Прости, любезный друг! На днях еду во-свояси, то:есть, в саратовские степи. Когда увидимся? Да помолись же европейскому Богу, чтобы он призвал меня на свое лоно, на свой просвещенный континент! Я, право, здесь, как несчастный Робинсон, брошенный на острове, окруженном океаном варварства и скуки. Здесь у меня и есть Пятница, по беда в том, что здесь семь пятниц на неделе, а воскресения нет. Обнимаю тебя от всей души. Скажи мое почтение и дружбу брату. Ради Бога, перетащите меня в Ирландию!

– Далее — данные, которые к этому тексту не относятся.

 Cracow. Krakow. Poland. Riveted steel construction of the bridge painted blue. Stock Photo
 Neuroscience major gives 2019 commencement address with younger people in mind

Я сейчас распечатал пакет Жихарева, чтобы вложить мое письмо, и узнаю, что он говорит тебе о том, что я ее хотел тебе говорить: мне не хотелось огорчить твою дружбу ко мне до времени. Дело в том, что по поводу какого-то журнала, о котором я понятия не имел, сказали государю, что я собираюсь издавать журнал под чужим именем, а он велел мне через князя Дмитрия Владимировича Голицына объявить, что запрещается мне издавать оную газету, потому что ему известна моя развратная жизнь, недостойная образованного человека, и многие фразы, подобные этой. Я прошу следствия и суда; не знаю, чем это кончится, но если не дадут мне полного и блестящего удовлетворения, то я покину Россию. Вот ключ к моим ирландским изысканиям. Я уверен, что удовлетворения мне не дадут, потому что и теперь уже слышно, что сбиваются на какое то письмо мое, которое должно било мне повредить. Эпиграмма – не преступление и не разврат. При первом случае постараюсь тебе доставить мою и обо мне официальную переписку.
1830.
717.
Тургенев князю Вяземскому.
Апрель. Париж.
Вот тебе первая лекция марсельского Вильменя – Ампера, моего приятеля, уважаемого и Нестором Германии – Гёте и, что всего лучше, обожателя милой вдовы Рекамье. Вероятно, вложу в пакет и речи Ламартина, Кювье и стихи Лебрена, в коих найдеть несколько стихов, напоминающих твои, не помню откуда. Я был на приеме Ламартина. Он кадил всем и каждому и не похвалил только Дарю, коего хвалить был обязан. Cuvier – гигант и в безделицах! Если бы сердце было на месте, то описал бы тебе его беседы субботния и буйные вечеринки поэта-литератора, коего назвать тебе не смею, но вся эта мелочная литература только мимоходом занимает меня. Я живу в других идеях и полон иным чувством. Я бы должен был уступить тебе мои здешния знакомства и отношения к некоторым; ты бы лучше выжал из них сок, который не питает, не оживляет твоего Тургенева; увы, «где прежний я»? Где прежний Гримм? Обними Карамзиных. Встретимся ли в Европе? Даже и о них мало думаю, хотя и нередко.